* **DATA FOR REVIEW**
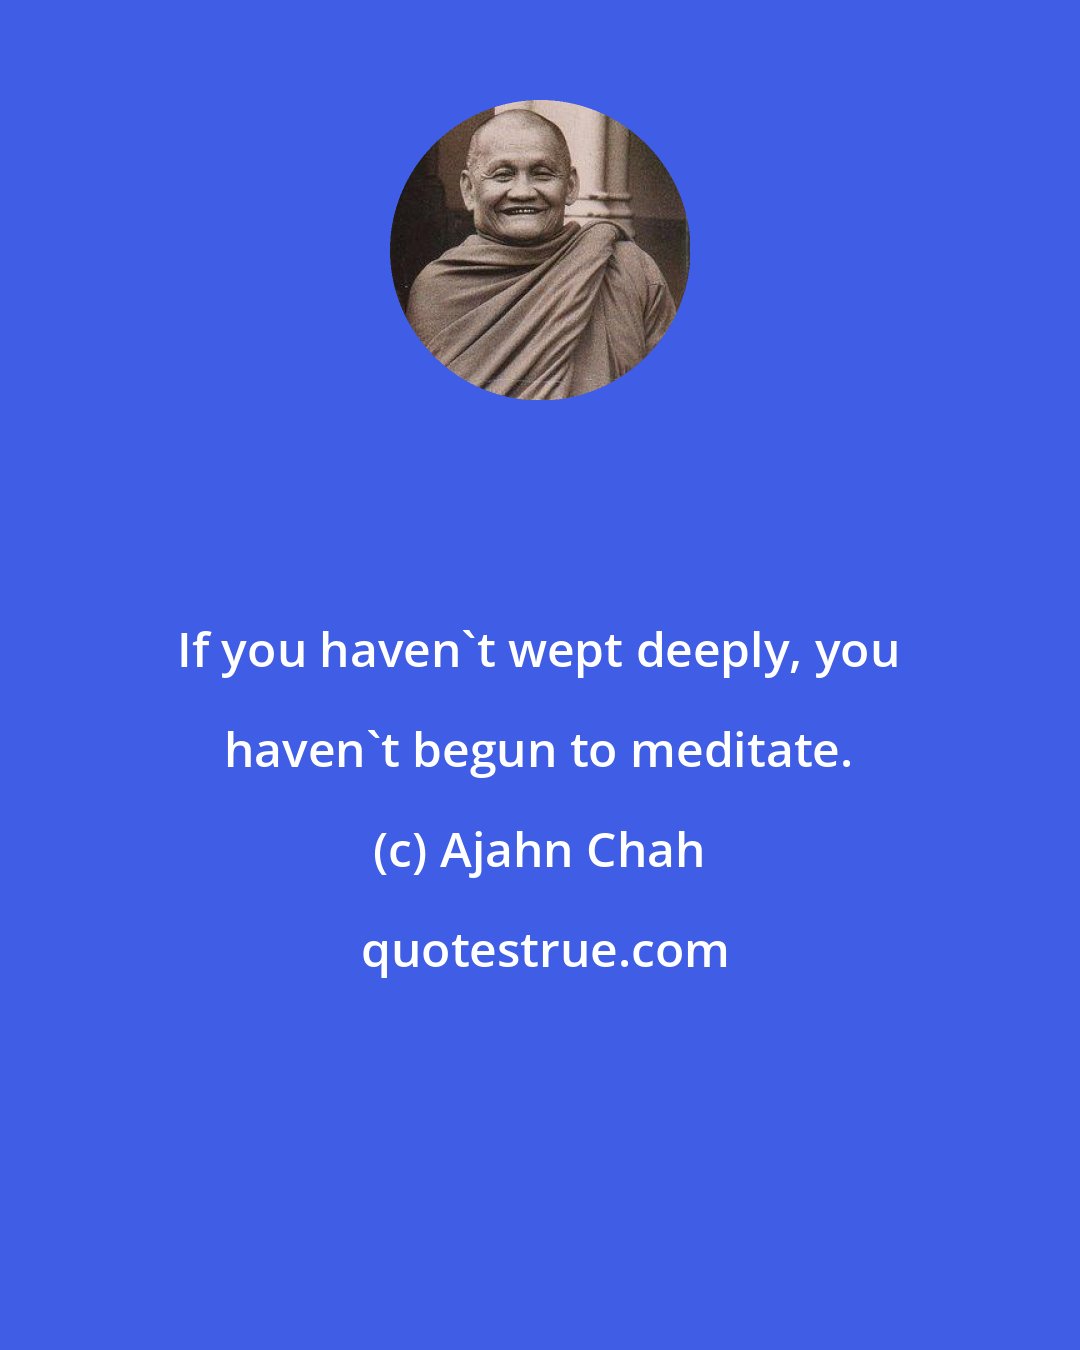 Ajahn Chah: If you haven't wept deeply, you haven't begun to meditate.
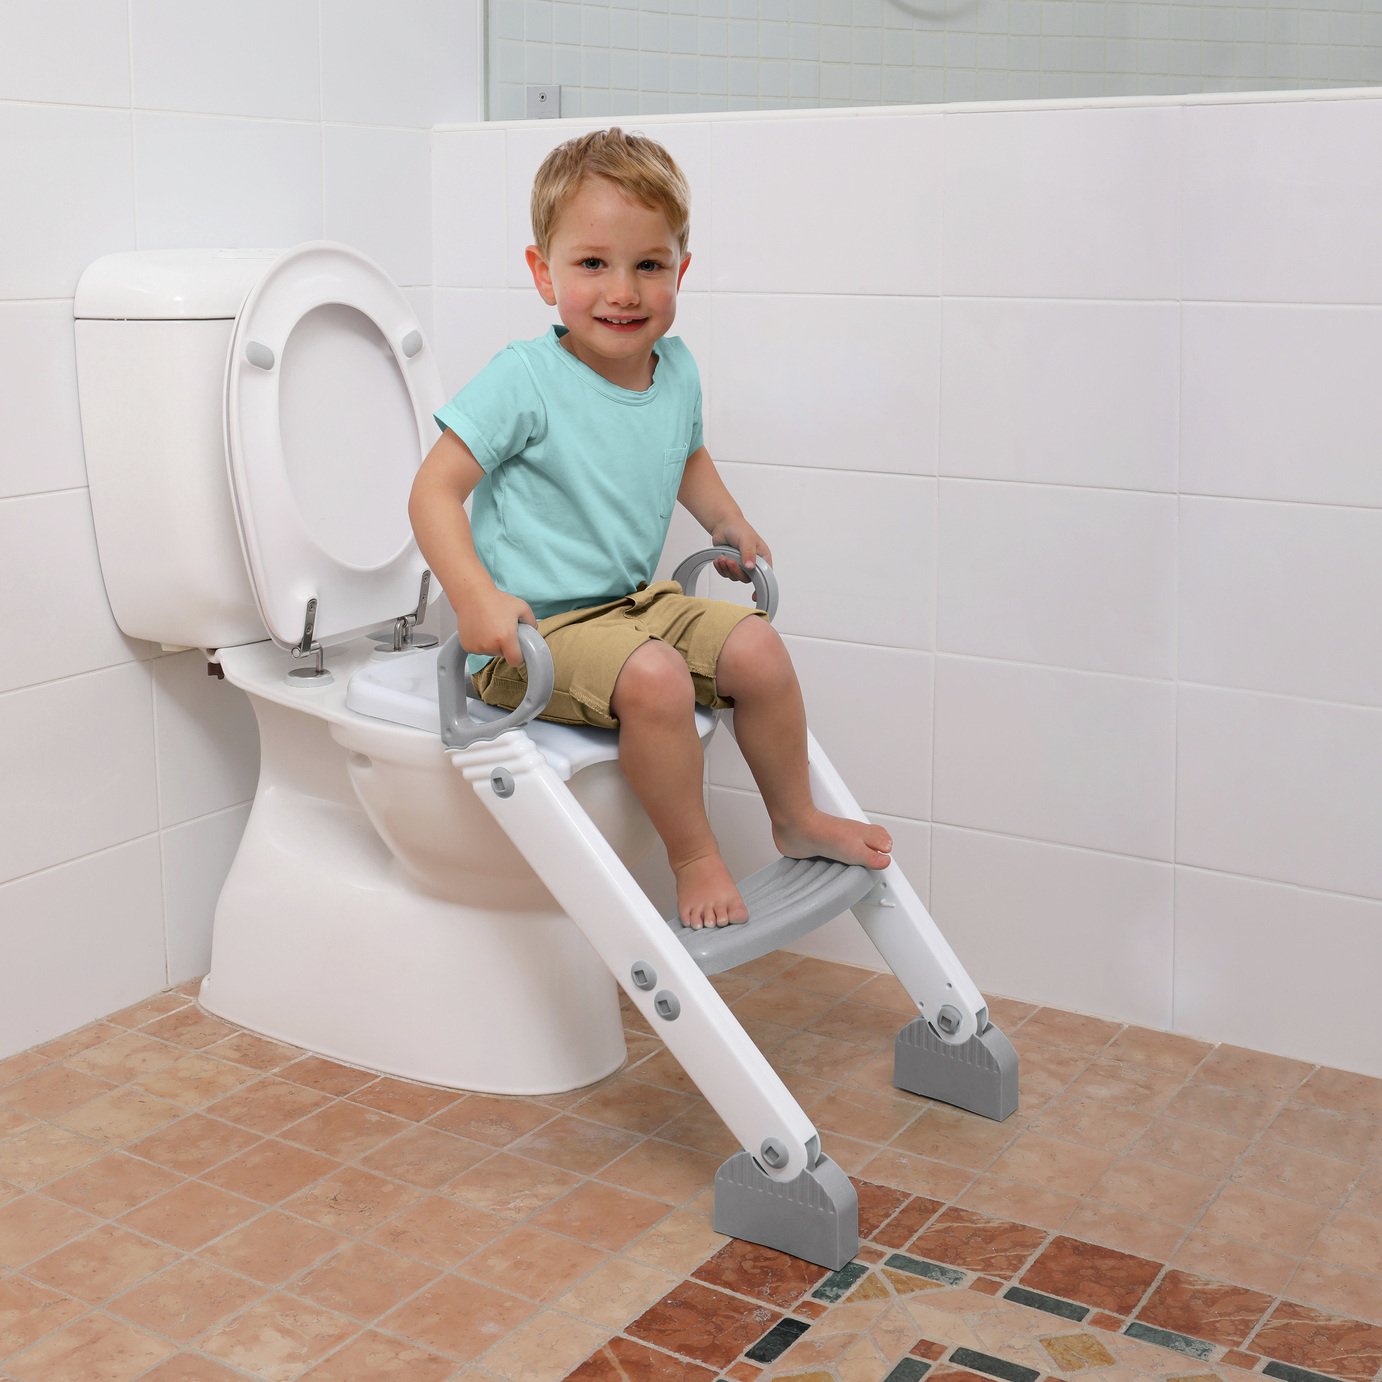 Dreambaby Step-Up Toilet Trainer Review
---
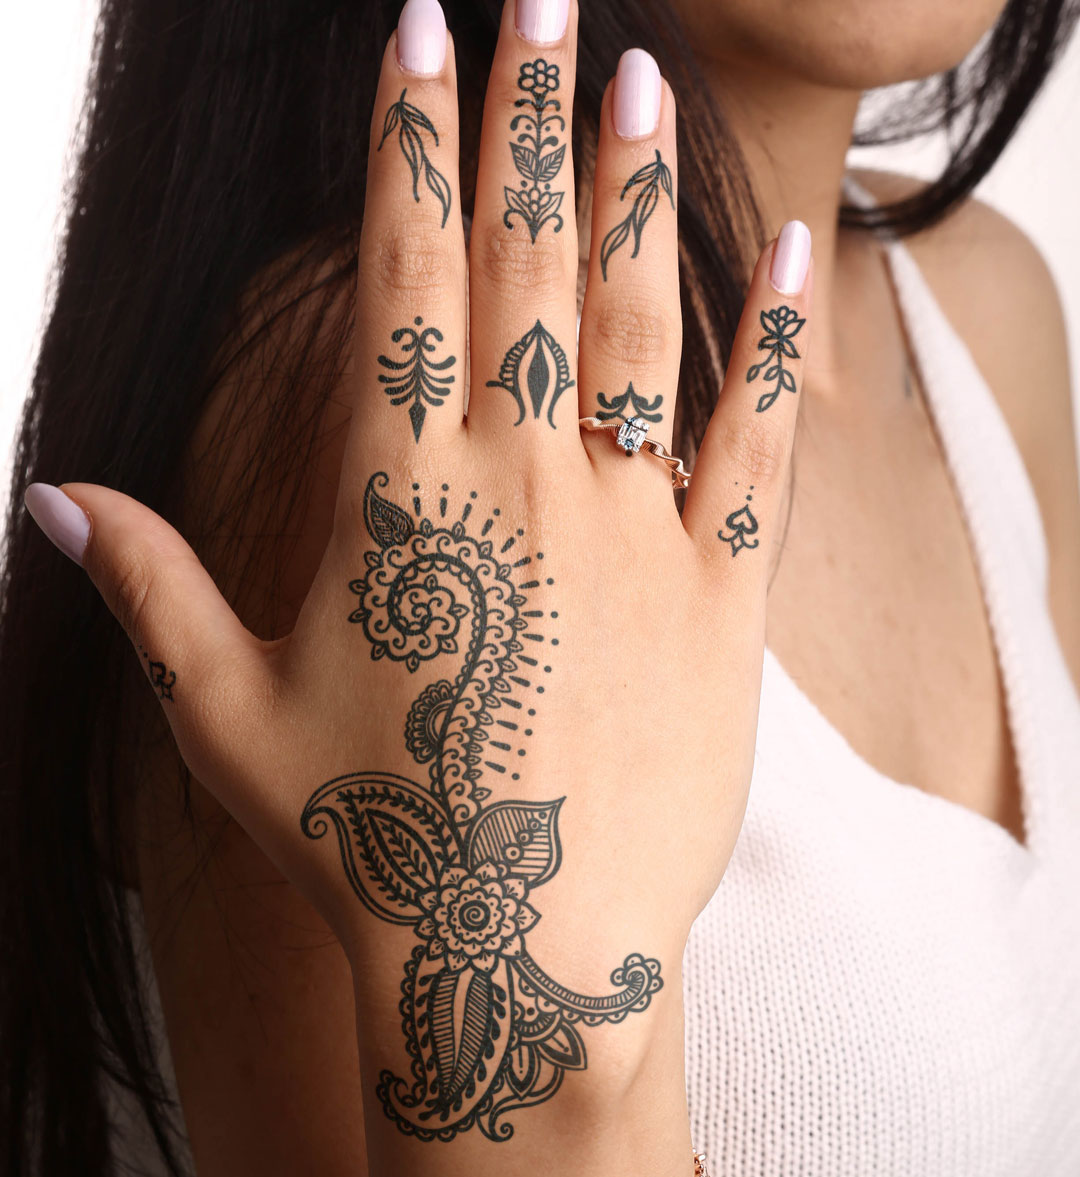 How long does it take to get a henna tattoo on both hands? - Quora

* **AIM OF THE TASK**
Return the material from the line containing "Ajahn Chah: If" through the line containing "Dreambaby Step-Up Toilet Trainer Review", exactly and in full, but without its pictures.

* **ANSWER SPACE**
 Ajahn Chah: If you haven't wept deeply, you haven't begun to meditate.
 Dreambaby Step-Up Toilet Trainer Review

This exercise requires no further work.